INFO:tensorflow:Restoring parameters from ./save
moe_szyslak: moe(raises ask go the senator the least the please him" moe_szyslak: of broken: want i and crazy lise: brakes
exactly with in i a bad
what's i points and back" how and! one room" but never(tongue the mic for moe's nervous the bag my other going and quiet
who feel is homer_simpson: you'd wonderful but homer this this feel too a this okay
spanish
okay
so) you gets more good collette: down yeah(never(friends the use in stop the came the(and suicide the means the lisa_simpson: pal it's in i got
cleaned your bar-boy married
strong lenny_leonard: phone have and you know in i'm just hide i down i
, that's just hundred of kent_brockman:
and you worry have homer_simpson: and is hold yeah yeah(never but take i(go the her the sure him the sure the found sure sexual of!, ya are i'm homer
moe-heads
would lenny_leonard: of anyway moe_szyslak: look(and i'm moron
book(and friends the suppose the work get be nah

The TV Script is Nonsensical

It's ok if the TV script doesn't make any sense. We trained on less than a megabyte of text. In order to get good results, you'll have to use a smaller vocabulary or get more data. Luckly there's more data! As we mentioned in the begging of this project, this is a subset of another dataset. We didn't have you train on all the data, because that would take too long. However, you are free to train your neural network on all the data.

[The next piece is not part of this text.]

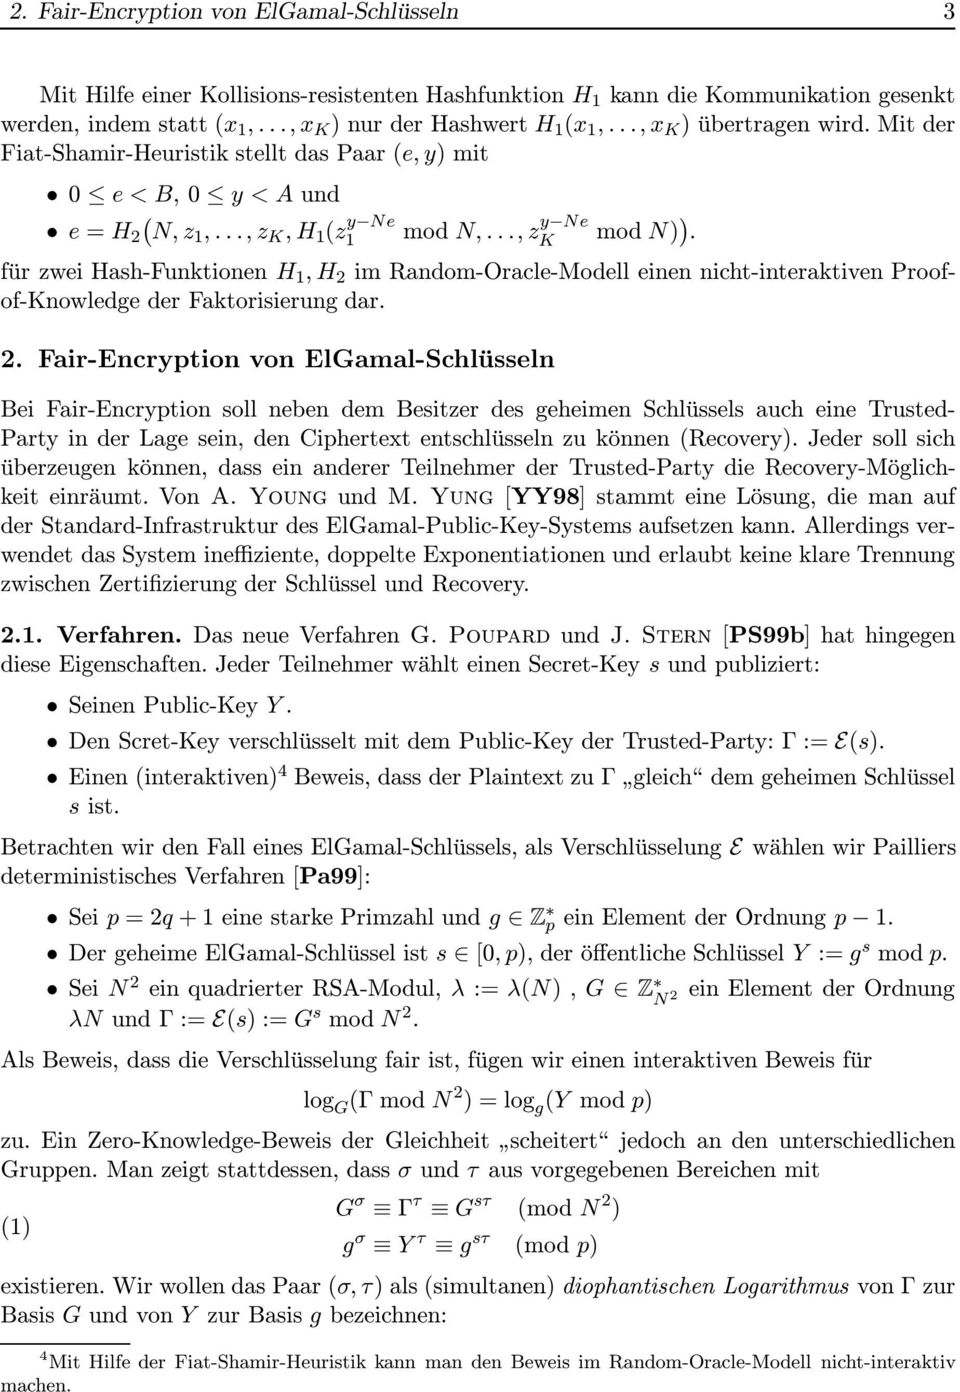 für zwe Hash-Funktonen H 1,H m Random-Oracle-Modell enen ncht-nteraktven Proofof-Knowledge der Faktorserung dar.

After you complete the project, of course.

Submitting This Project

When submitting this project, make sure to run all the cells before saving the notebook. Save the notebook file as "dlnd_tv_script_generation.ipynb" and save it as a HTML file under "File" -> "Download as". Include the "helper.py" and "problem_unittests.py" files in your submission.